What does a "good" CV actually look like?

Everyone tells you the importance of having a ‘good’ CV when applying for jobs. Now you may assume that this means ten years of experience and a list of qualifications the size of Everest – but the layout and wording you use on a CV can be just as important in landing an interview.
Many people find the question: “what does a ‘good’ CV actually look like?” harder to answer than it sounds. There is such a lot of advice on the internet that often writing a CV becomes challenging and confusing. How do you know that this advice is appropriate for your relevant field?

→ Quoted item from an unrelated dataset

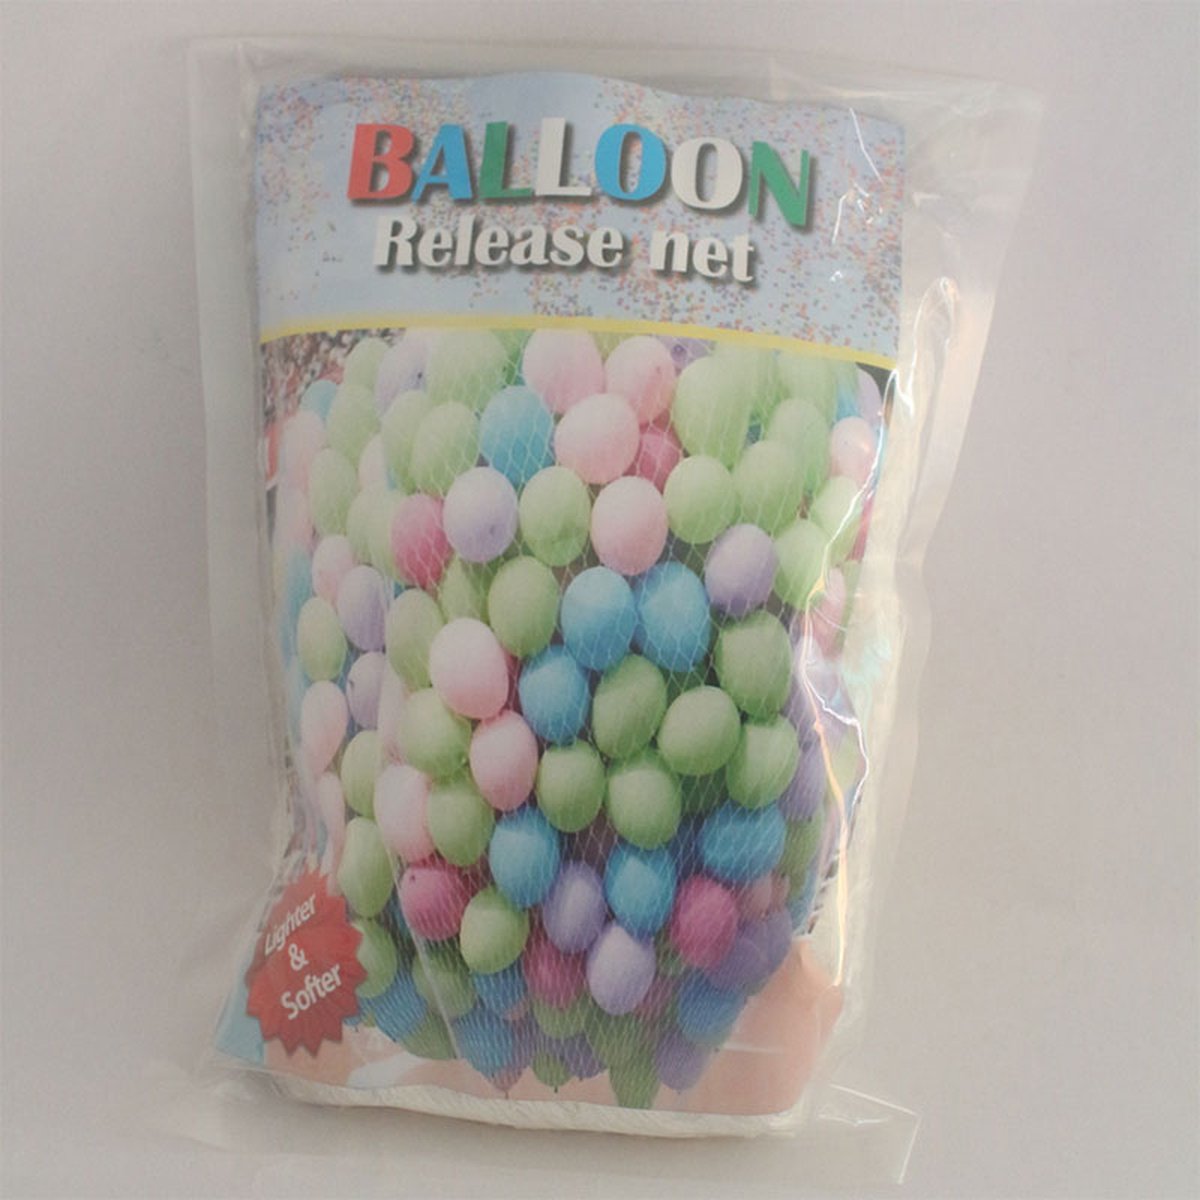 Wefiesta - Ballon release net (500 ballonnen) - We Fiesta

And how do you combine all of the recommended pointers out there to actually make a ‘good’ CV?
 
Our Scientific Recruitment Specialists in the CY Partners office read CVs for a living- the good, the bad and all of the ugly. They know what kind of CV works best to get candidates to the interview stage- and ultimately securing their dream position!
And so we thought we’d share some secrets, top tips and advice from our industry experts into what recruiters and employers really think a ‘good’ CV looks like.

✍️ Sara’s Secrets ✍️

 
“Your CV doesn’t have to be anything fancy, we prefer a clear and simple to read black and white word document- oh and please no images, just make sure it looks professional!”
 
“And when writing your CV, make sure if you do have any gaps in your job history you do explain the reason for these- it saves us, and a potential employer any reason for asking any awkward questions!”
 

✍️ Graham’s Guidance ✍️

 
“Always make sure you have your current, up-to-date contact information clearly written at the top of your CV so we can get hold of you!”
 
“Oh and please don’t write CV at the top of your page – it’s a waste of space which you could use to tell us all about your amazing skills and we know exactly what the document is!”
 

✍️ Top Tips From Tom ✍️

 
we hate to see paragraphs! Most Employers scan your CV to make sure you have everything they need- this is harder to do if your skills are hidden in long sentences!”
 
Keep your CV clear, concise and easy to read by using:
✔️ Bullet Points
✔️Indents
✔️Abbreviations
✔️Buzzwords
 
“Do look at example CV layouts on the internet for help AND show your CV to any family and friends in the sector you want to go into – what advice do they have? What did they do differently on their CV?”

✍️ Help from Harriet✍️

 
The length of your CV is so important. You should be aiming for between 1 and 2 pages to really demonstrate all of your amazing skills. Nobody will hire you if your CV is just one sentence long- but also don’t waffle on over ten pages either (no matter how great you are- save that for the interview!)”

✍️ Probier’s Pointers ✍️

 
“Change your CV slightly for each job that you apply for. Try to fit in the exact buzzwords and phrases which are advertised as essential or desired in the job description (skills such as time management, organisation, team work, confidence and communication e.t.c.)”
 
“this shows that you are the perfect fit for the role and really clued up on what is required of you!”

✍️ Lisa’s Lessons ✍️

 
“Please always write your experience in reverse chronological order– we want to know what you are doing now, and what is relevant now, and not ten years ago!”
 
“If you are studying at university, or are a recent graduate, state this somewhere near the top of your CV.”
 
“And do talk about parts of your degree which are relevant and important, particularly any modules, projects or placements that you’ve done which have prepared you in some way for the role you are applying for.”

✍️ Ammad’s Advice ✍️

But, as Ammad says “a bit of personality is really important. It brings your CV to life and makes you stand out from the crowd. The company you are applying for wants to make sure that you’re more than just a good worker- but a good fit for their team.”
 
“Make room for a brief personal profile at the top of your CV to tell a bit about your qualities and interests – this honestly goes a long way!”